• _Aim of the task_
Whatever the records hold, copy it exactly and completely.

• _Available data_
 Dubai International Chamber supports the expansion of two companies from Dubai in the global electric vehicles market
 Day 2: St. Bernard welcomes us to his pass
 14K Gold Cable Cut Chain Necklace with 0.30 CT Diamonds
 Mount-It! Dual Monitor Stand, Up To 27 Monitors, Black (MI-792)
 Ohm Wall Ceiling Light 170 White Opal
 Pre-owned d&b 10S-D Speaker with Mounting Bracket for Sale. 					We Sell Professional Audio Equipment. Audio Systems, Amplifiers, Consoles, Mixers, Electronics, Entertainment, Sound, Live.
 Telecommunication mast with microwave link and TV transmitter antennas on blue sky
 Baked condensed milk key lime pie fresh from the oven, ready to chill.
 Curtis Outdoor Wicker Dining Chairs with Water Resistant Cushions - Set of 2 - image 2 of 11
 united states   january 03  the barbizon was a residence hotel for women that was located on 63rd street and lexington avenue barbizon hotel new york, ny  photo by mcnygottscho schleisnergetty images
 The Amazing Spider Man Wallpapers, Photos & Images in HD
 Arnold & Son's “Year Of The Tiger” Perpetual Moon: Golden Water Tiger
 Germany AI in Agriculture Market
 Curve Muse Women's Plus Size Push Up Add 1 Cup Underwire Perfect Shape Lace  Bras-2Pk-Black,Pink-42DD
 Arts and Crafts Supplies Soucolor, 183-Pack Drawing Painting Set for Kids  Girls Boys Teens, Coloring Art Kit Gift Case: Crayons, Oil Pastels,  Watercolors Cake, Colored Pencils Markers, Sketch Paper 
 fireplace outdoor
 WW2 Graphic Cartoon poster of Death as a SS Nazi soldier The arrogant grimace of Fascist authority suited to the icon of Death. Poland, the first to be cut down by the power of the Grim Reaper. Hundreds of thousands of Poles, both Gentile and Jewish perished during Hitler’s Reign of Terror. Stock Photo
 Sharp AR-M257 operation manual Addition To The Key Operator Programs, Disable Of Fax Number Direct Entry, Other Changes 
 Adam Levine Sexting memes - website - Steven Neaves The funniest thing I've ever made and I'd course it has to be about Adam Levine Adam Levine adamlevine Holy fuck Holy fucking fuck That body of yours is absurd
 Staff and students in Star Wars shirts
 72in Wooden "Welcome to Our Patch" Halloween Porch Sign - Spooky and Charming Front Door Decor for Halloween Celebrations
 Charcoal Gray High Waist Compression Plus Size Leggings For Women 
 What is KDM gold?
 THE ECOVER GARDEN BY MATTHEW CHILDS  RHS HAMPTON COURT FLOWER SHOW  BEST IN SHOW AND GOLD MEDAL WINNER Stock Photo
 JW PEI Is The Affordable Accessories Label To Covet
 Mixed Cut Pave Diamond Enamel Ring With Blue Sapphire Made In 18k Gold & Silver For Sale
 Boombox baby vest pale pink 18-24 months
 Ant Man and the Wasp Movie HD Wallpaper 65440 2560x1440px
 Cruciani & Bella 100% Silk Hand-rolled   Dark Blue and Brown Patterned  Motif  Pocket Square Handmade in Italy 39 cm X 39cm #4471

• _Answer_
 Dubai International Chamber supports the expansion of two companies from Dubai in the global electric vehicles market
 Day 2: St. Bernard welcomes us to his pass
 14K Gold Cable Cut Chain Necklace with 0.30 CT Diamonds
 Mount-It! Dual Monitor Stand, Up To 27 Monitors, Black (MI-792)
 Ohm Wall Ceiling Light 170 White Opal
 Pre-owned d&b 10S-D Speaker with Mounting Bracket for Sale. 					We Sell Professional Audio Equipment. Audio Systems, Amplifiers, Consoles, Mixers, Electronics, Entertainment, Sound, Live.
 Telecommunication mast with microwave link and TV transmitter antennas on blue sky
 Baked condensed milk key lime pie fresh from the oven, ready to chill.
 Curtis Outdoor Wicker Dining Chairs with Water Resistant Cushions - Set of 2 - image 2 of 11
 united states   january 03  the barbizon was a residence hotel for women that was located on 63rd street and lexington avenue barbizon hotel new york, ny  photo by mcnygottscho schleisnergetty images
 The Amazing Spider Man Wallpapers, Photos & Images in HD
 Arnold & Son's “Year Of The Tiger” Perpetual Moon: Golden Water Tiger
 Germany AI in Agriculture Market
 Curve Muse Women's Plus Size Push Up Add 1 Cup Underwire Perfect Shape Lace  Bras-2Pk-Black,Pink-42DD
 Arts and Crafts Supplies Soucolor, 183-Pack Drawing Painting Set for Kids  Girls Boys Teens, Coloring Art Kit Gift Case: Crayons, Oil Pastels,  Watercolors Cake, Colored Pencils Markers, Sketch Paper 
 fireplace outdoor
 WW2 Graphic Cartoon poster of Death as a SS Nazi soldier The arrogant grimace of Fascist authority suited to the icon of Death. Poland, the first to be cut down by the power of the Grim Reaper. Hundreds of thousands of Poles, both Gentile and Jewish perished during Hitler’s Reign of Terror. Stock Photo
 Sharp AR-M257 operation manual Addition To The Key Operator Programs, Disable Of Fax Number Direct Entry, Other Changes 
 Adam Levine Sexting memes - website - Steven Neaves The funniest thing I've ever made and I'd course it has to be about Adam Levine Adam Levine adamlevine Holy fuck Holy fucking fuck That body of yours is absurd
 Staff and students in Star Wars shirts
 72in Wooden "Welcome to Our Patch" Halloween Porch Sign - Spooky and Charming Front Door Decor for Halloween Celebrations
 Charcoal Gray High Waist Compression Plus Size Leggings For Women 
 What is KDM gold?
 THE ECOVER GARDEN BY MATTHEW CHILDS  RHS HAMPTON COURT FLOWER SHOW  BEST IN SHOW AND GOLD MEDAL WINNER Stock Photo
 JW PEI Is The Affordable Accessories Label To Covet
 Mixed Cut Pave Diamond Enamel Ring With Blue Sapphire Made In 18k Gold & Silver For Sale
 Boombox baby vest pale pink 18-24 months
 Ant Man and the Wasp Movie HD Wallpaper 65440 2560x1440px
 Cruciani & Bella 100% Silk Hand-rolled   Dark Blue and Brown Patterned  Motif  Pocket Square Handmade in Italy 39 cm X 39cm #4471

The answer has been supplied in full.